If you do use it, press it into the pan, brush with melted butter, and still layer cheese first.
Why is my crust pale
A pale crust usually means the oven wasn’t hot enough, or the pan wasn’t greased well.
Bake at 425°F and grease the pan generously. Cast iron also helps with browning.
Why is the center loose
Deep dish needs rest time. If you slice too soon, the sauce and cheese are still very hot and fluid.
If it’s still loose after resting, the sauce might have been too thin. Next time simmer the sauce longer.
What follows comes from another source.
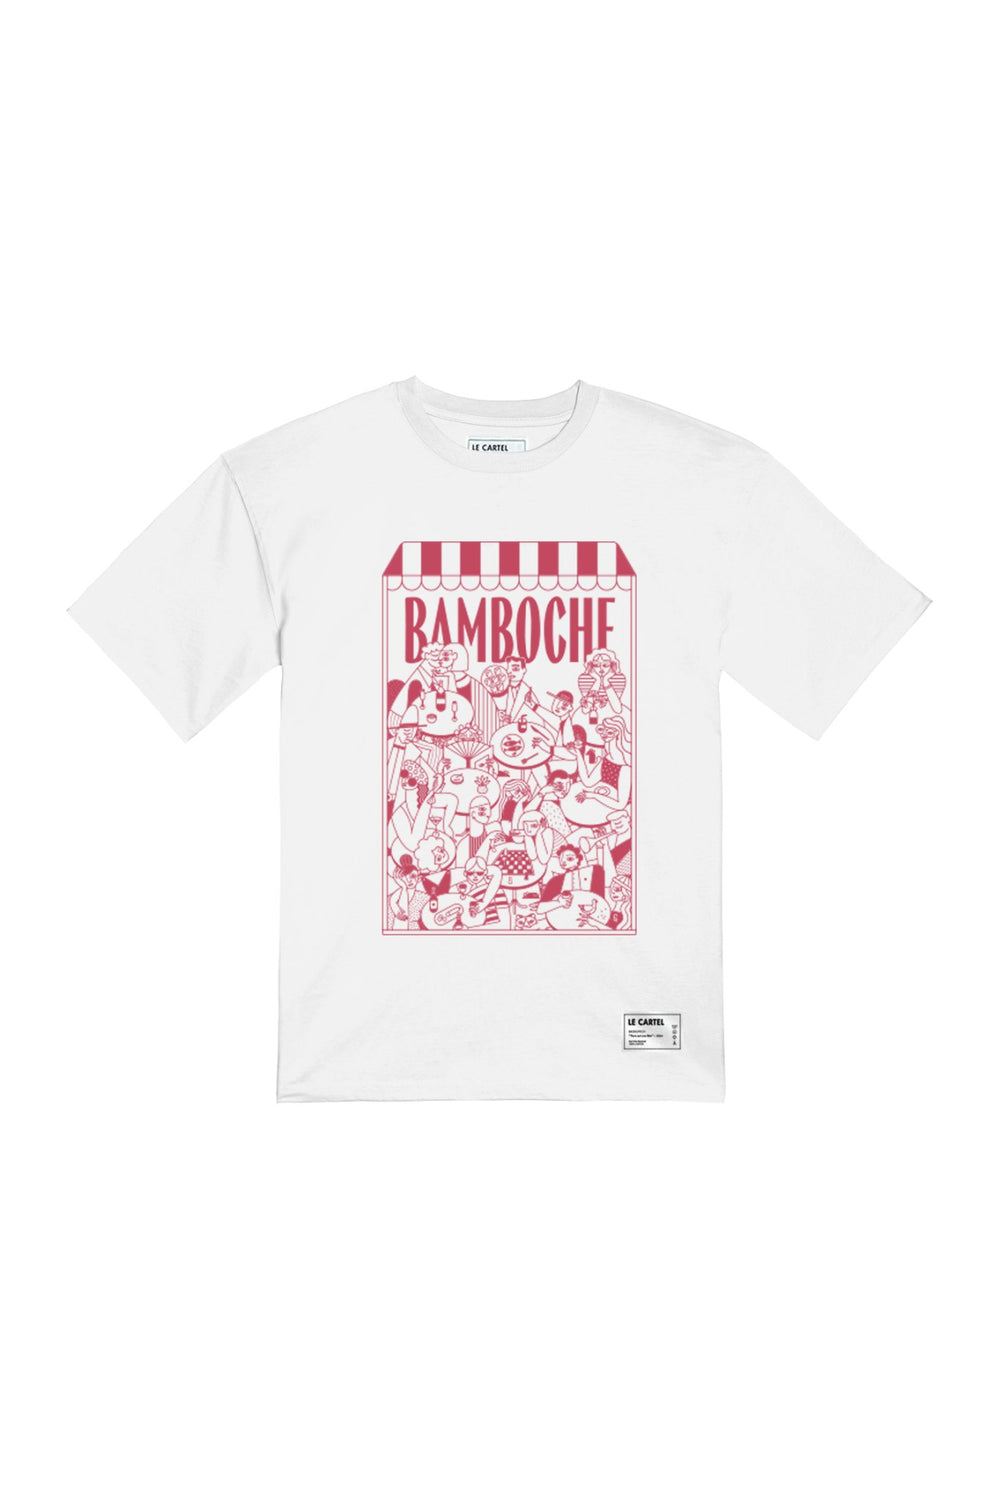 BAMBOCHE・T-shirt unisexe・Blanc - Le Cartel

Homemade Chicago Style Deep Dish Pizza
Ingredients
Dough
- 3 ¼ cups all-purpose flour
- ½ cup yellow cornmeal
- 2 ¼ teaspoons instant yeast 1 packet
- 1 tablespoon sugar
- 1 ½ teaspoons salt
- 1 ¼ cups warm water
- ¼ cup unsalted butter melted
- 2 tablespoons olive oil
Sauce
- 1 tablespoon olive oil
- 2 cloves garlic minced
- 1 28 oz can crushed tomatoes
- 2 tablespoons tomato paste
- 1 teaspoon dried oregano
- 1 teaspoon dried basil
- ¾ teaspoon salt
- ½ teaspoon black pepper
- ¼ teaspoon red pepper flakes optional
Filling
- 12 –16 ounces low-moisture mozzarella cheese sliced
- 1 pound Italian sausage browned and drained
- 3 ounces pepperoni optional
- ¼ cup grated Parmesan cheese
- Optional: sautéed mushrooms onions, or bell peppers
Instructions
- Make the dough: combine flour, cornmeal, yeast, sugar, and salt. Add warm water, melted butter, and olive oil. Mix until a dough forms, then knead 4–5 minutes until smooth. Cover and rise 60–90 minutes until puffy.
- Make the sauce: heat olive oil in a saucepan, add garlic 30 seconds. Stir in crushed tomatoes, tomato paste, oregano, basil, salt, pepper, and red pepper flakes. Simmer 10–15 minutes until thick.
- Preheat oven to 425°F. Grease a 9–10 inch deep dish pan or cast iron skillet.
- Press dough into the pan, covering the bottom and pushing up the sides.
- Layer sliced mozzarella over the dough. Add sausage (and pepperoni/veggies if using).
- Spoon sauce over the top and spread evenly. Sprinkle Parmesan over the sauce.
- Bake 25–35 minutes until crust is golden and the top is bubbling. If edges brown too fast, tent with foil for the last 10 minutes.
- Rest 15–20 minutes before slicing and serving.